Listed records section start

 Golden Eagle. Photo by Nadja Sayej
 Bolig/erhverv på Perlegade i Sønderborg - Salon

Listed records section end
Listed records section start

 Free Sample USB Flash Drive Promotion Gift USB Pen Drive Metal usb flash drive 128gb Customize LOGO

Listed records section end
Listed records section start

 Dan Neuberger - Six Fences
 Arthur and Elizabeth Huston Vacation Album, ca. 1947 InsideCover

Listed records section end

Give back exactly the lines of the listing above that run from the line with "Golden Eagle. Photo by Nadja Sayej" to the line with "Bolig/erhverv på Perlegade", inclusive.

 Golden Eagle. Photo by Nadja Sayej
 Bolig/erhverv på Perlegade i Sønderborg - Salon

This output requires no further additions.